Suntrust Mtge., Inc. v Mooney
2014 NY Slip Op 00495 [113 AD3d 836]
January 29, 2014
Appellate Division, Second Department
Published by New York State Law Reporting Bureau pursuant to Judiciary Law § 431.
As corrected through Wednesday, March 5, 2014


Suntrust Mortgage, Inc., Respondent,
v
Adam Mooney, Appellant.

[*1] John F. Clennan, Ronkonkoma, N.Y., for appellant.

Jeffrey H. Ward, New York, N.Y., for respondent.

In an action to recover damages for unjust enrichment, the defendant appeals from (1) an order of the Supreme Court, Suffolk County (Asher, J.), dated November 1, 2012, which granted the plaintiff's motion for summary judgment on the complaint, and (2) a judgment of the same court entered November 30, 2012, which, upon the order, is in favor of the plaintiff and against him in the principal sum of $18,965.85.

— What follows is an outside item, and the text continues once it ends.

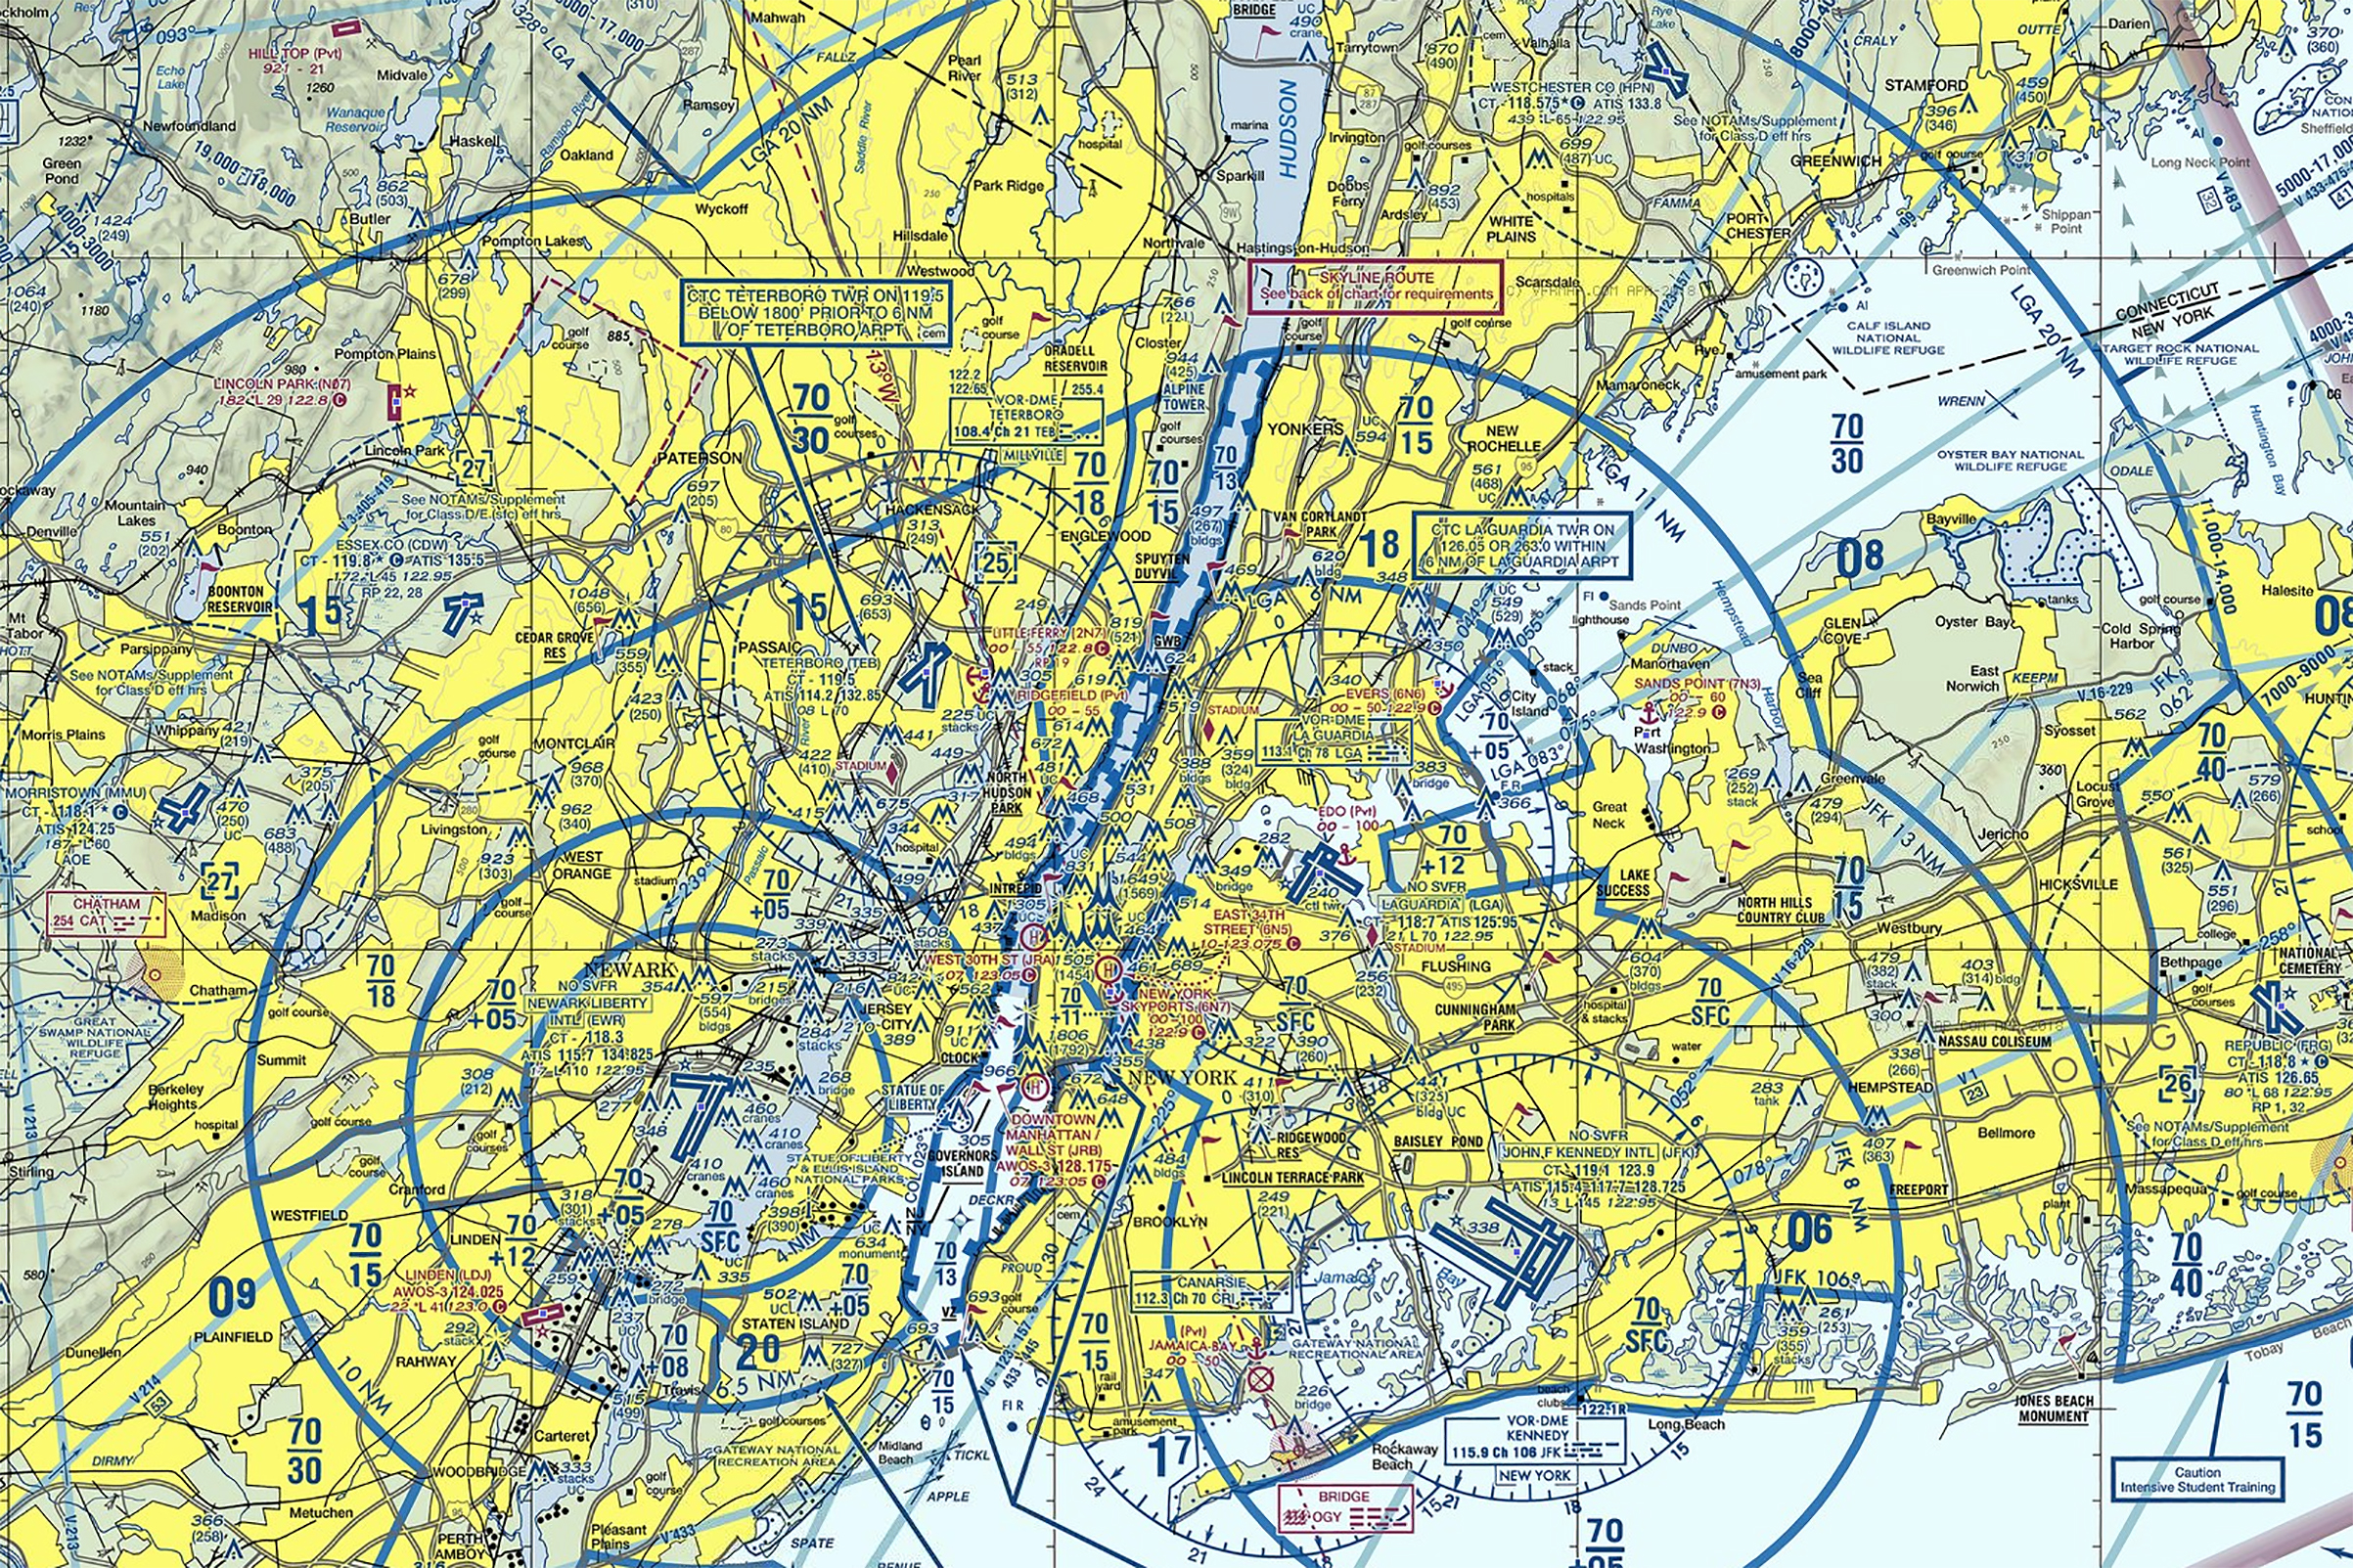 A sectional aeronautical chart of New York City showing the airspace above the city. (Vfrmap.com)

Ordered that the appeal from the order is dismissed; and it is further,

Ordered that the judgment is affirmed; and it is further,

Ordered that one bill of costs is awarded to the plaintiff.

The appeal from the intermediate order must be dismissed because the right of direct appeal therefrom terminated with the entry of judgment in the action (see Matter of Aho, 39 NY2d 241, 248 [1976]). The issues raised on the appeal from the order are brought up for review and have been considered on the appeal from the judgment (see CPLR 5501 [a] [1]).

"To prevail on a claim of unjust enrichment, a party must show that (1) the other party was enriched, (2) at that party's expense, and (3) that 'it is against equity and good conscience to permit [the other party] to retain what is sought to be recovered' " (Citibank, N.A. v Walker, 12 AD3d 480, 481 [2004], quoting Paramount Film Distrib. Corp. v State of New York, 30 NY2d 415, 421 [1972]; see Goel v Ramachandran, 111 AD3d 783 [2013]; Branch Servs., Inc. v Cooper, 102 AD3d 645, 647 [2013]). Contrary to the defendant's contention, the plaintiff met its prima facie burden of demonstrating its entitlement to judgment as a matter of law through the submission of the affidavit of its vice president and documentary evidence showing that the plaintiff inadvertently paid property taxes on behalf of the defendant (see Banco Popular N. Am. v Lieberman, 75 AD3d 460, 461 [2010]). In opposition, the defendant failed to raise a triable issue of fact (see Alvarez v Prospect Hosp., 68 NY2d 320, 324 [1986]).

The defendant's remaining contention is without merit.

Accordingly, the Supreme Court properly granted the plaintiff's motion for summary [*2]judgment on the complaint. Rivera, J.P., Leventhal, Hall and Roman, JJ., concur.